Intermediate

Trees

The branching data structure under databases, filesystems, autocompletes, and priority queues. Nine trees, from the plain binary search tree through the self-balancing workhorses to the disk-friendly B-trees and the range-query structures competitive programmers swear by.

data-structuressearchfundamentals

What is Trees?

The 60-second primer

A tree is a graph with no cycles and exactly one path between any two nodes — that constraint buys you something powerful: a natural hierarchy. Every tree has a root, children branch from it, and the structure repeats recursively until you hit leaves. That branching shape is why trees show up everywhere: every time you need to search a sorted set, index a database, autocomplete a word, or answer 'what's the sum of this range?', a tree is almost certainly doing the work.

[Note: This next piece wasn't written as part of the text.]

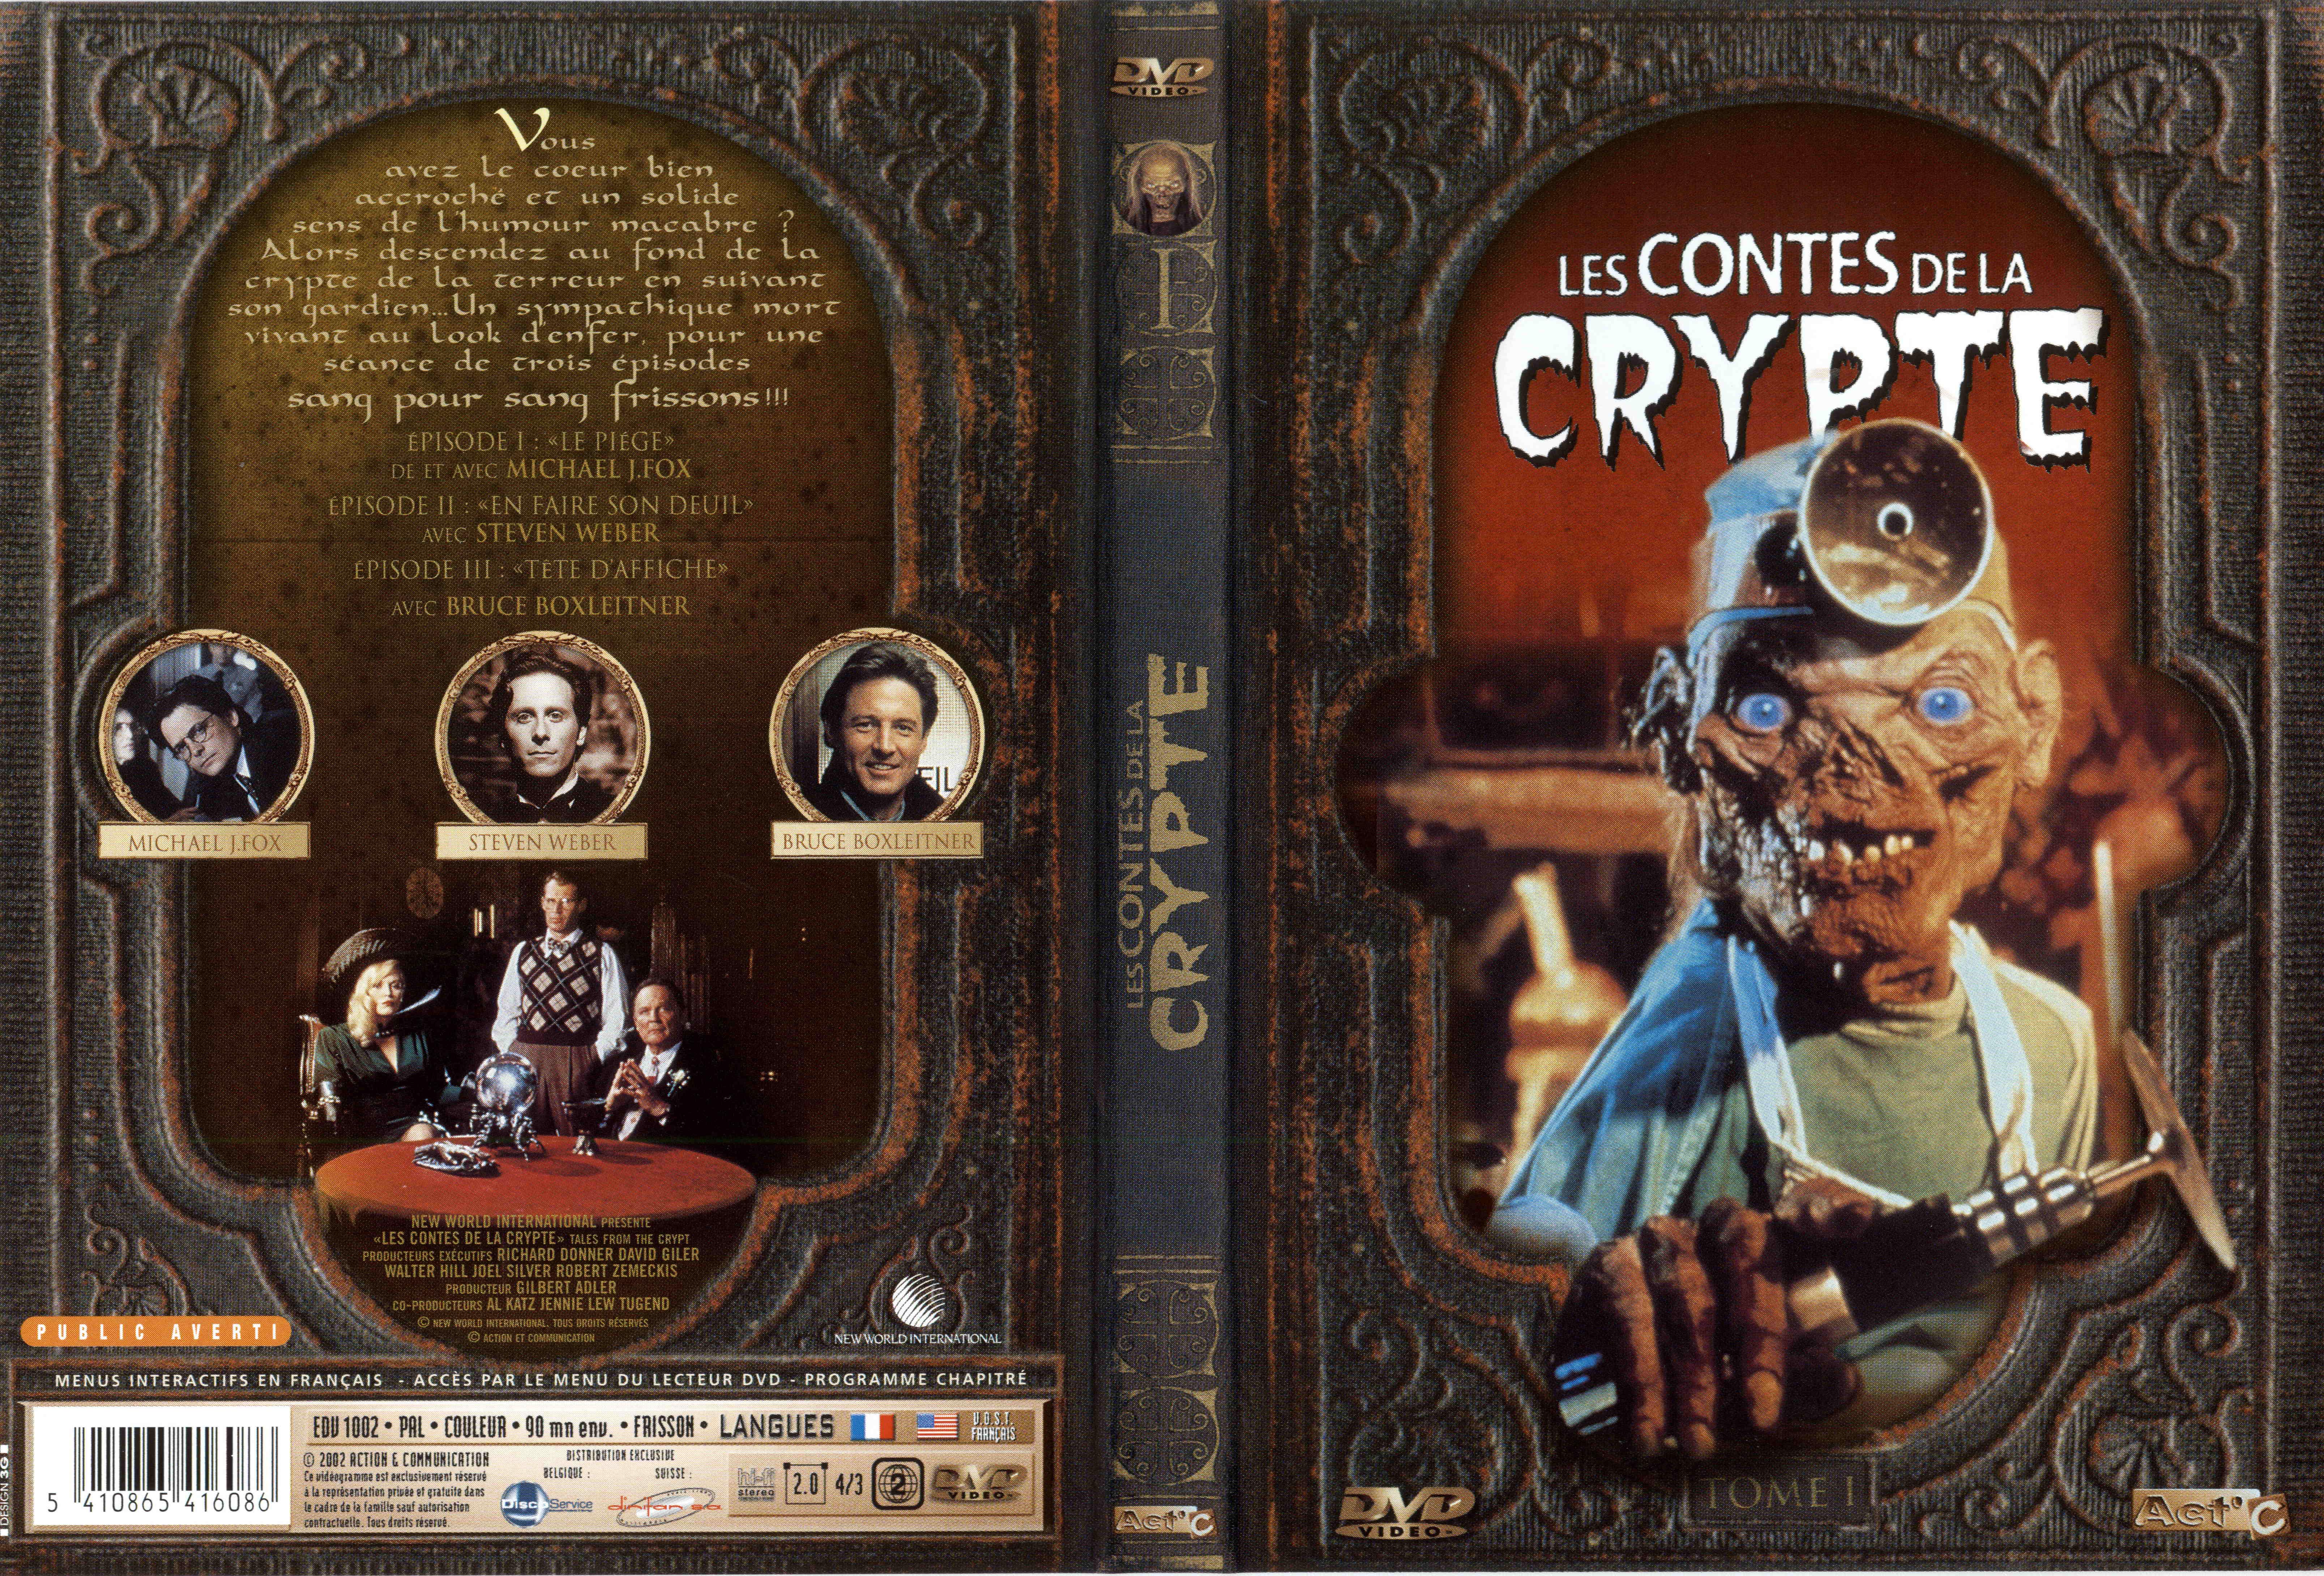 Jaquette DVD Les contes de la crypte vol 01 v2

The nine trees here span three distinct contracts. The BST is the foundation — put smaller keys left, larger right, and you get O(log n) search on average. AVL and red-black trees fix the worst-case problem by keeping the tree balanced, guaranteeing O(log n) at all times; the red-black tree is the one you'll find in every production standard library. The heap abandons the search property entirely and optimises for one thing: finding the minimum or maximum in O(1). The trie does something completely different — it keys on characters, not comparisons, making prefix queries blazing fast. Finally, B-trees and B+ trees go wide instead of deep to match the block size of a disk, and segment and Fenwick trees are specialised range-query machines used everywhere from competitive programming to databases.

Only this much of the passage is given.